▶ [Assignment] The reply should repeat all of the data word for word, with no pictures.

▶ [Data shown]
⟨

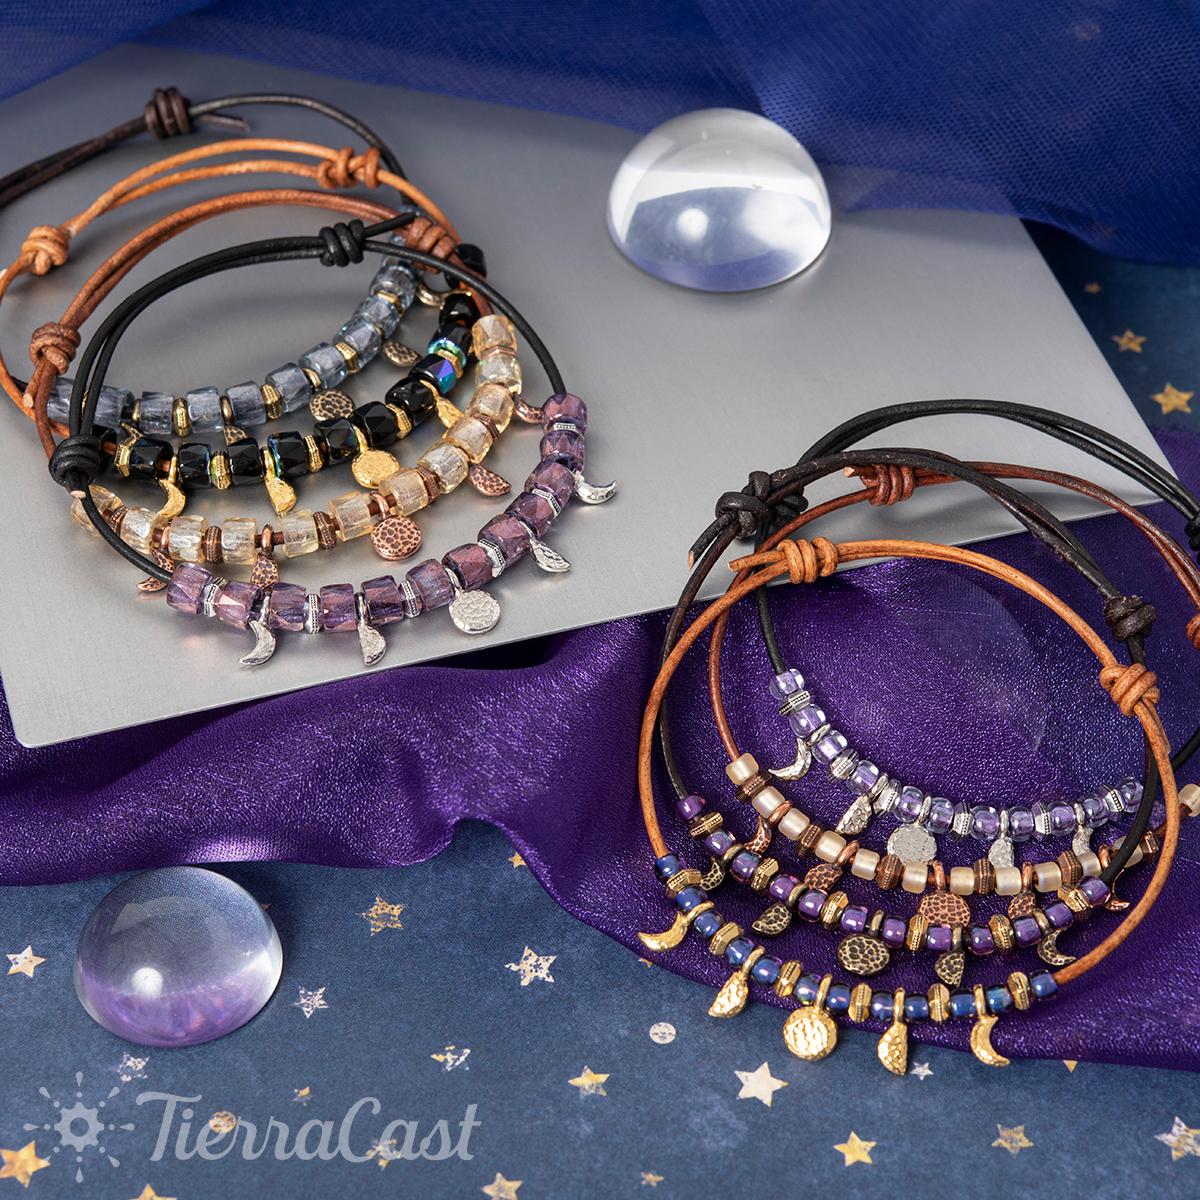 moon-phases-bracelets-1200px-w.logo.jpg
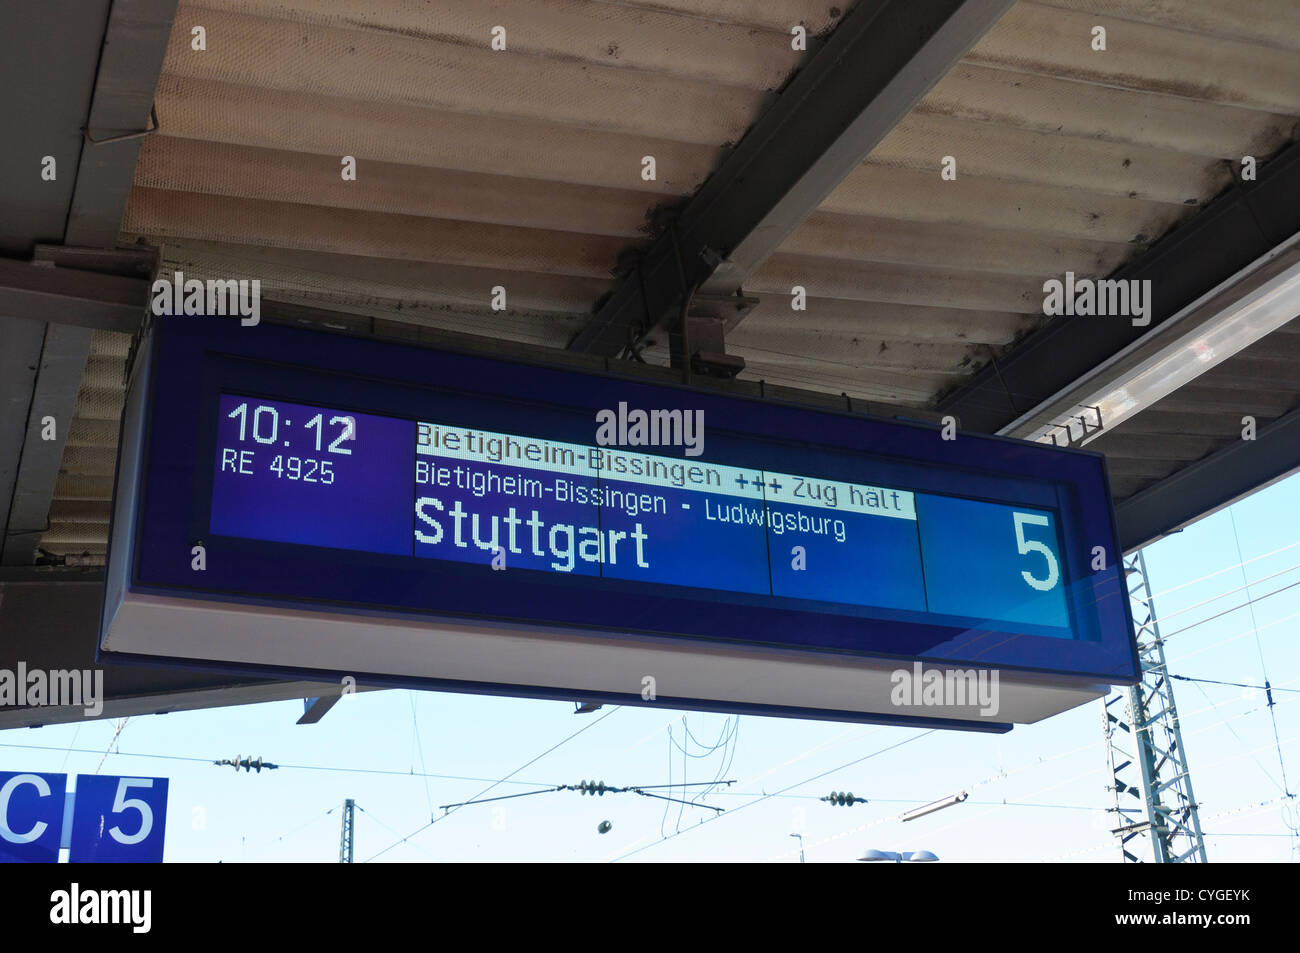 Train stationannunciator panel - Stock Image
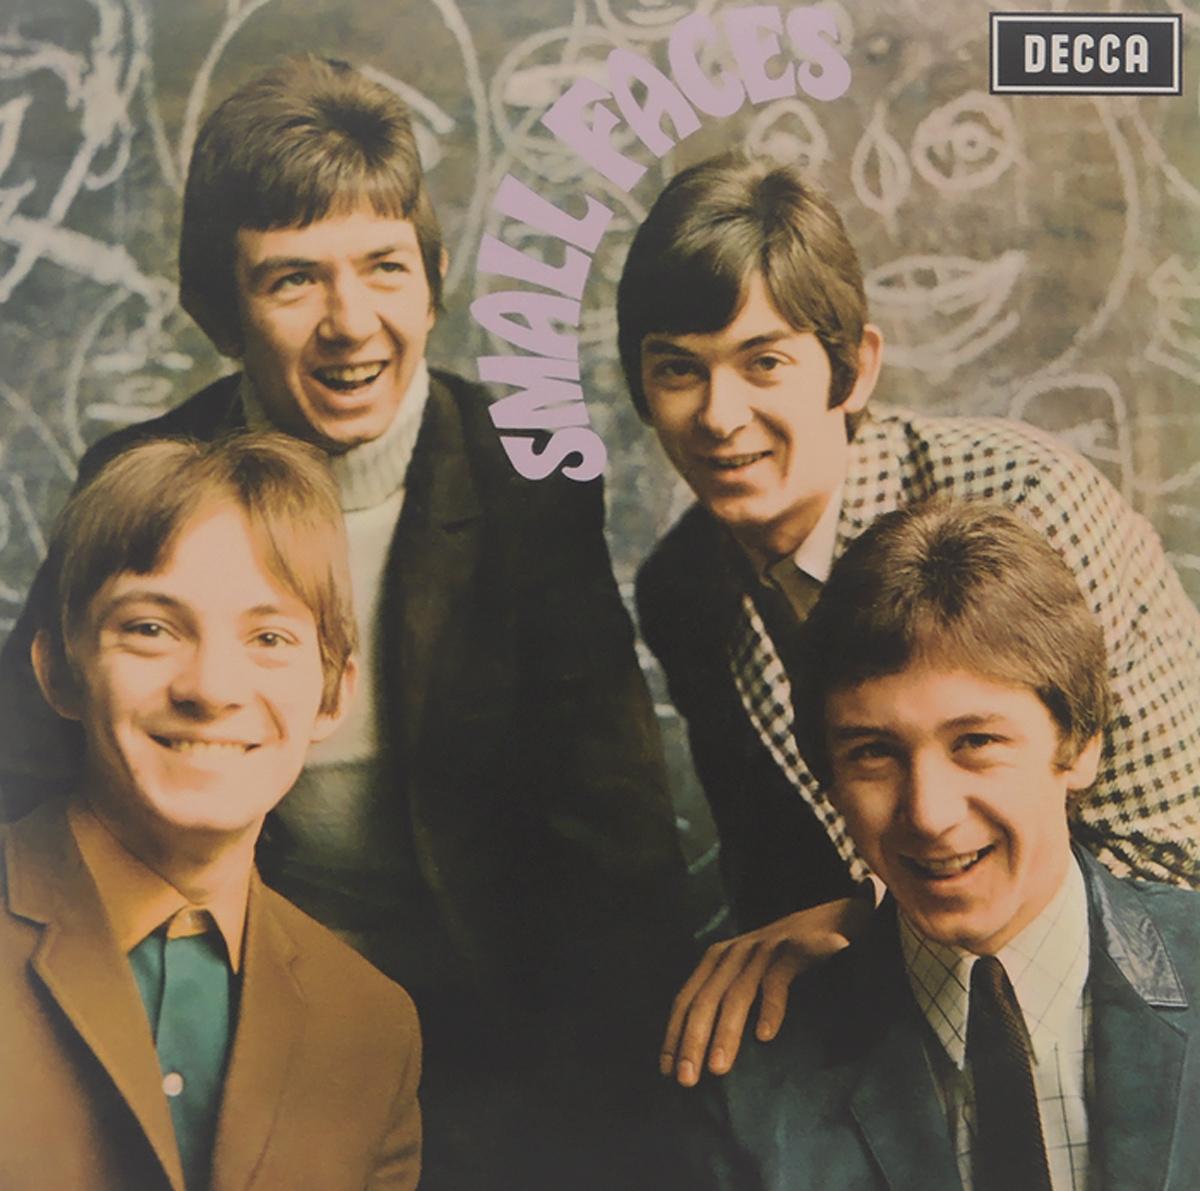 The Small Faces Small Faces. Small Faces (LP) 爆笑大百科1

⟩

▶ [Answer for the task]
 moon-phases-bracelets-1200px-w.logo.jpg
 Train stationannunciator panel - Stock Image
 The Small Faces Small Faces. Small Faces (LP) 爆笑大百科1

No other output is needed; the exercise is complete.